На переход от Сент-Томаса до Барбадоса мы потратили два месяца одиннадцать дней. За это время в результате болезней и смертей среди моих несчастных матросов и негров в первый месяц мы похоронили 14, а во второй месяц 320 человек, что стало огромным ущербом для нашего предприятия. Королевская Африканская компания потеряла на каждом погибшем рабе десять фунтов десять шиллингов, а для владельцев корабля это была сумма фрахта, оплачиваемая агентам Африканской компании в Барбадосе по чартерному соглашению за каждого доставленного живым на берег негра. Такие потери составили в целом 6500 фунтов стерлингов. Болезнь, из-за которой умерли большей частью мои матросы, а также чернокожие, называлась белой дизентерией. Она свирепствовала так, что ее не могли излечить никакие медикаменты. Когда кто-либо заболевал ею, мы считали его погибшим, что в целом оправдывалось на самом деле. Не могу себе представить, что вызывало эту болезнь так неожиданно, – они были здоровыми около недели после того, как мы покинули остров Сент-Томас. Вслед за пагубностью климата могу объяснить ее не чем иным, как воздействием неочищенного коричневого сахара и сырого необработанного рома, который матросы там покупали. Они добавляли его в пунш и пили в большом количестве, что я был не в силах предотвратить даже посредством наказания нескольких из них и сбрасывания в море того рома и сахара, что обнаруживал. Мне пришлось заковать в железо одного нашего горниста за организацию несвоевременных пирушек и за то, что в пьяном угаре он бросился с ножом на спавшего боцмана, а также за другие бесчинства. Однако, несмотря на то что он два месяца день и ночь проводил на корме в оковах, когда над головой не было никакой крыши, кроме купола небес, его не беспокоили никакие болезни. Он оправдывал пословицы: «Дуракам – счастье» или «Кто родился, чтобы быть повешенным, никогда не утонет». Я уже рассказал о нем достаточно и больше не стану упоминать его.
Негры так восприимчивы к заболеванию оспой, что не многие корабли, которые их перевозят, обходятся без этой хвори. Иногда она опустошала их ряды. Но хотя у нас, бывало, болели зараз по сто невольников и заболевание распространялось на весь корабль, тем не менее мы потеряли не больше десяти человек. Вся помощь, которую мы могли оказать несчастным, заключалась в том, что им давали пить столько, сколько хотели, а также немного пальмового масла натереть раны, и постепенно они выздоравливали без какой-либо иной помощи, кроме той, какую оказывала природа.
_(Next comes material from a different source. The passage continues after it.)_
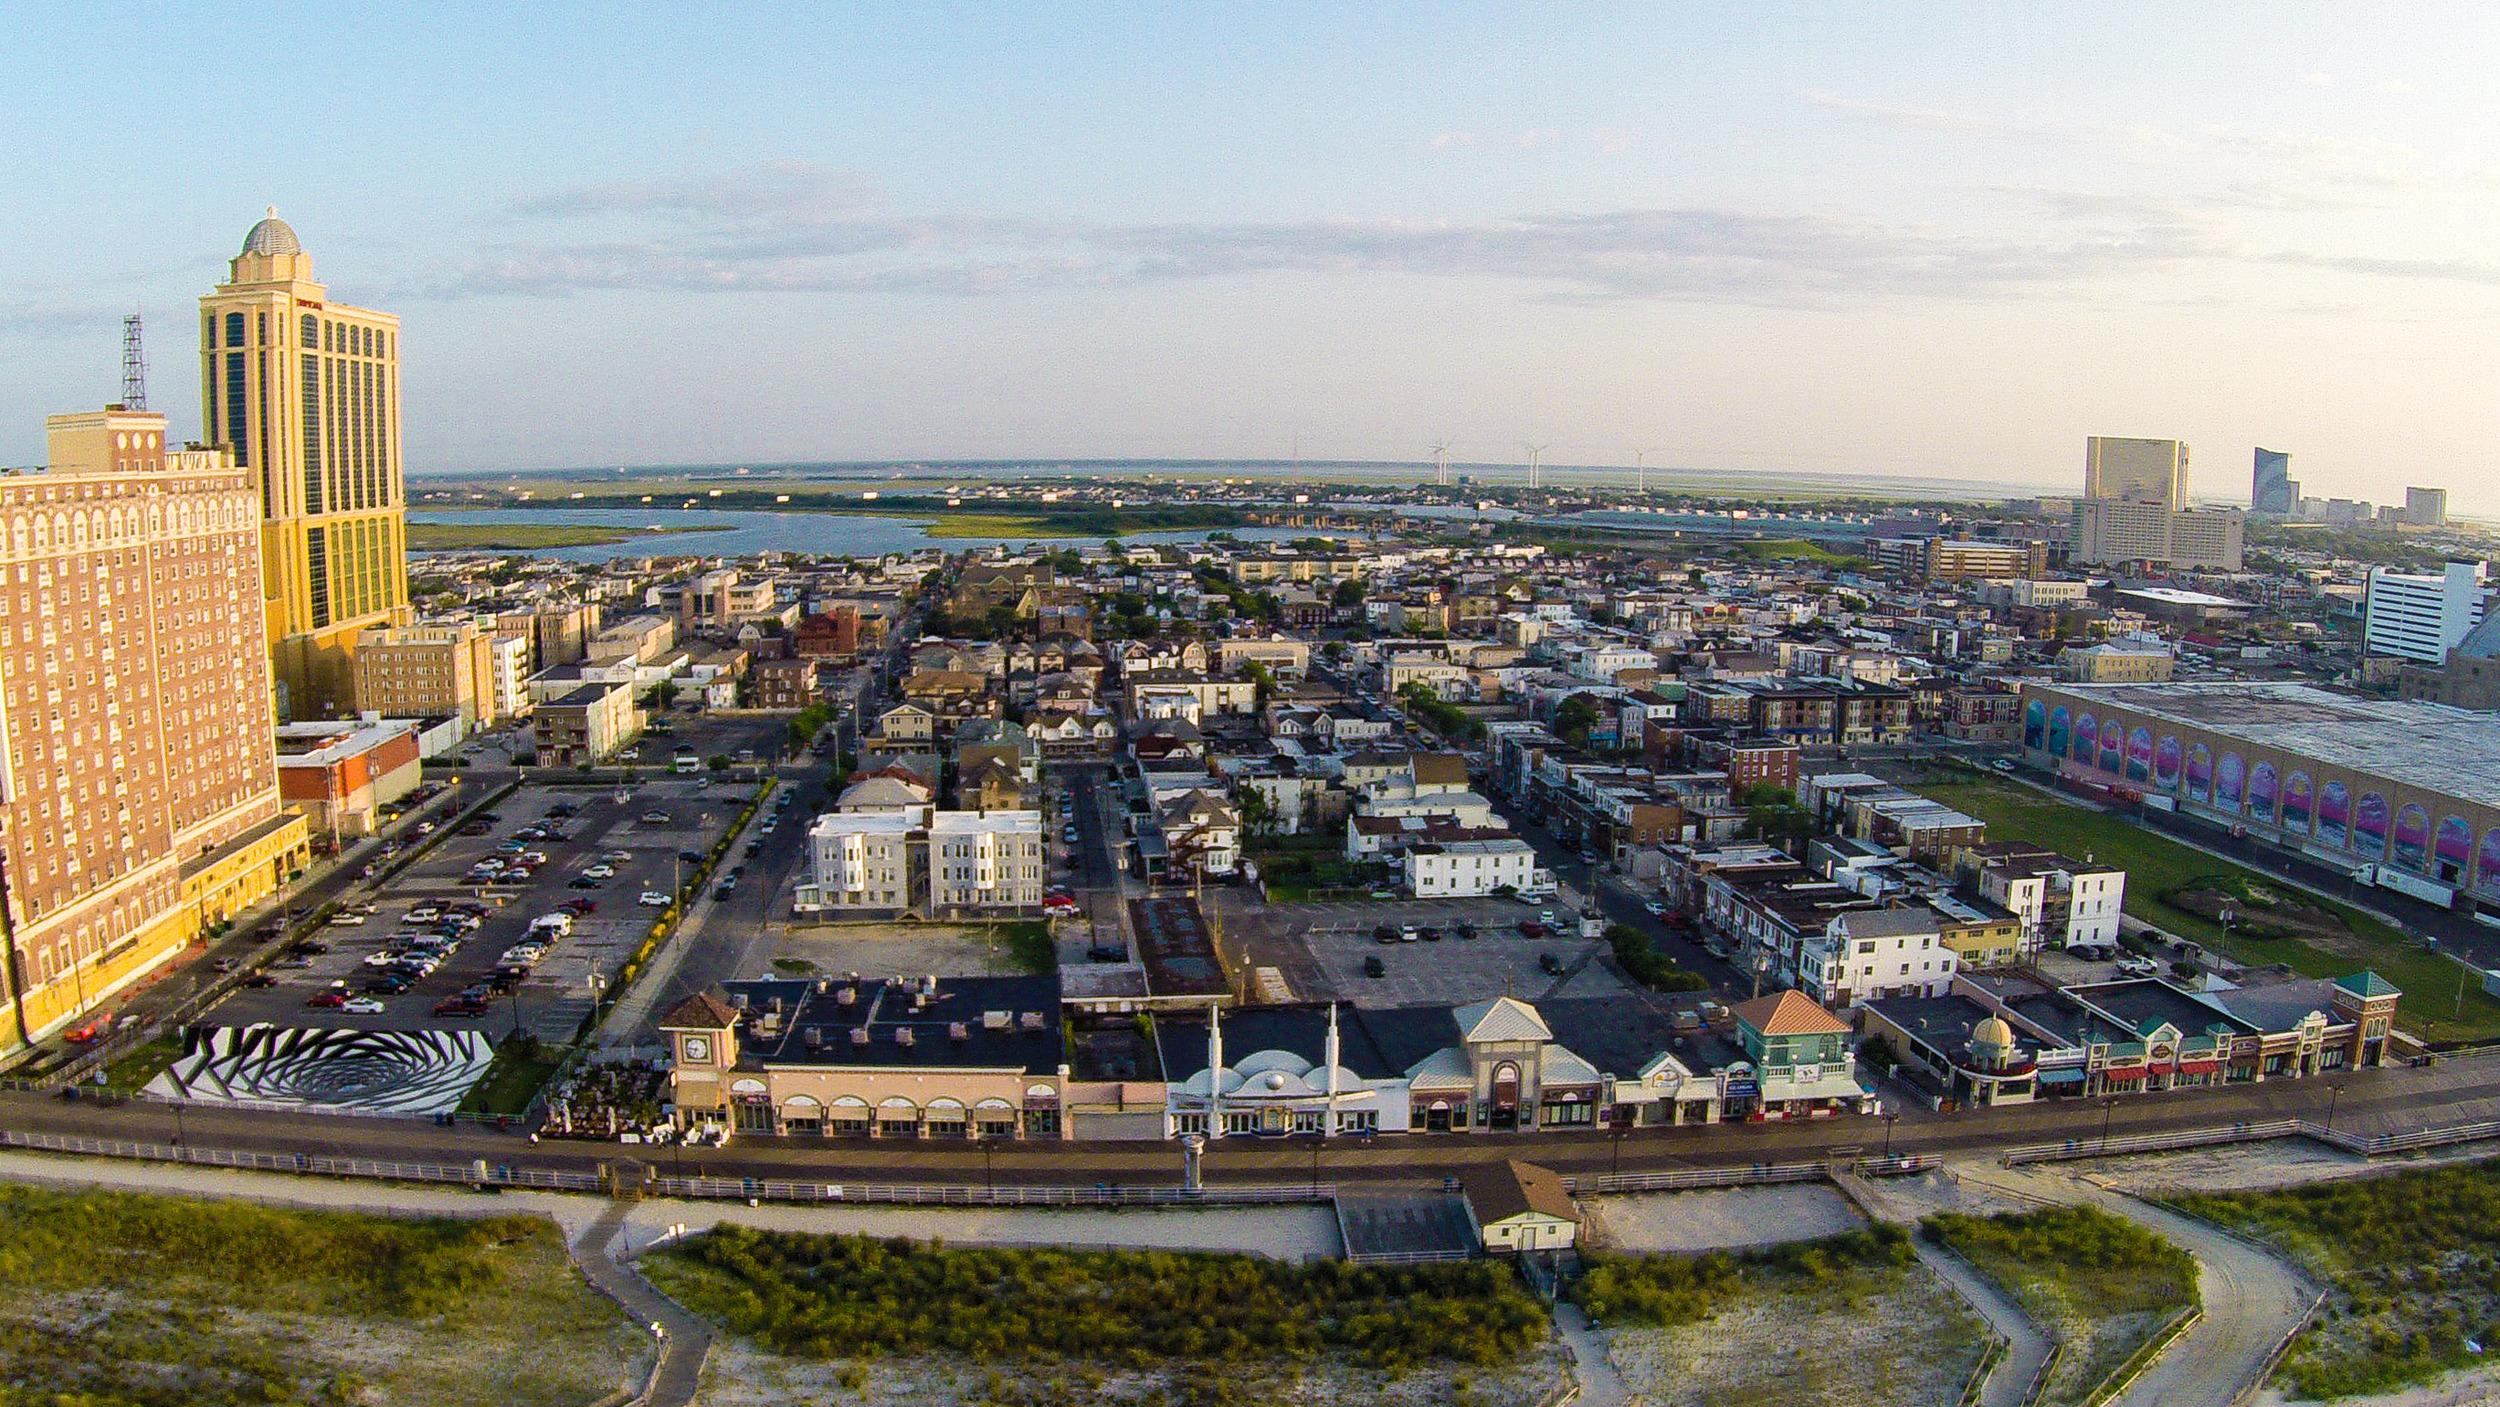 Atlantic City during sunrise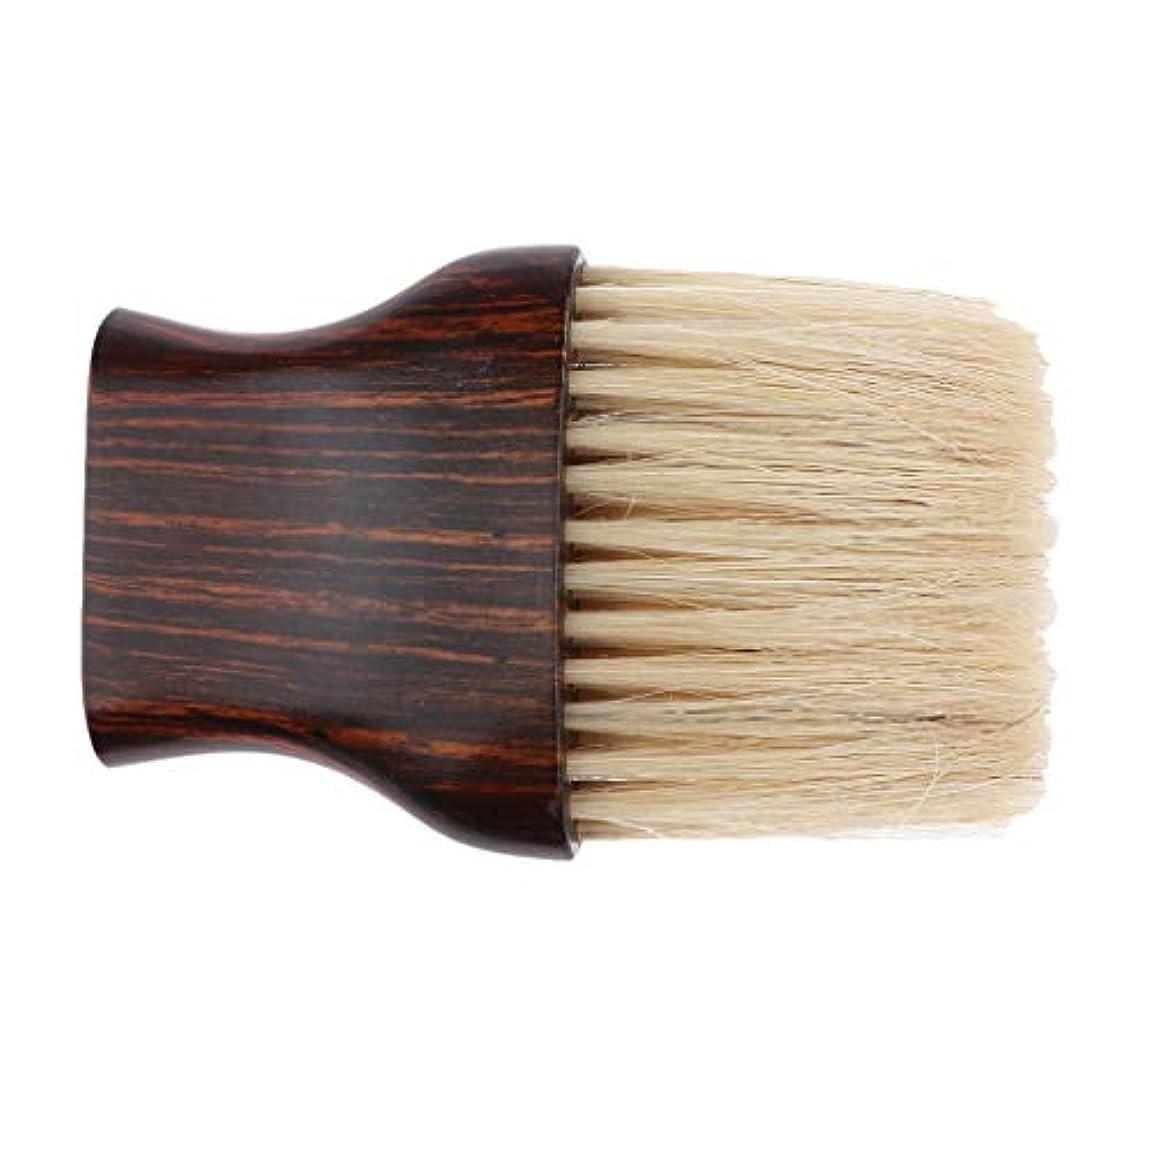 組立圧縮されたダイバー理髪 ネックダスターブラシ クリーニング ヘアブラシ ヘアスイープブラシ サロンヘアカット ツール

В этой болезни поражает то, что, хотя ею быстро заражаются чернокожие друг от друга, она не перекидывается на белых людей. У меня на борту имелись несколько белых людей и подростков, которые так и не заболели этой болезнью, хотя постоянно находились среди заразных чернокожих. Тем не менее ни один из них ни в малейшей степени не пострадал, несмотря на то что по своим проявлениям и симптомам это была та самая хворь, какая распространена среди нас в Англии. Она начинается с головной боли, потом наступают тремор, рвота, жар и т. д. Но к тому, что щадит оспа, беспощадна, к сожалению, дизентерия. И, несмотря на все наши усилия кормить туземцев в должном порядке и времени, содержать их помещения, насколько возможно, в чистоте, выносить долгое время смрад группы существ, которые грязнее свиней, вопреки ожиданиям, уменьшить смертность среди них не удавалось. Ни один старатель не перенес столько горя от рабов, сколько те, которые занимаются перевозкой негров. У первых есть хотя бы временное облегчение или удовлетворение, у нас же горе вдвойне. И тем не менее из-за смертности негров наши морские вояжи обрекаются на неудачу. Нам невыносимо думать, что приходится переносить так много несчастий ради столь незначительных результатов.
Я доставил управляющим факториями живыми на Барбадос 372 раба, и они были проданы по девятнадцать фунтов за голову, один за другим.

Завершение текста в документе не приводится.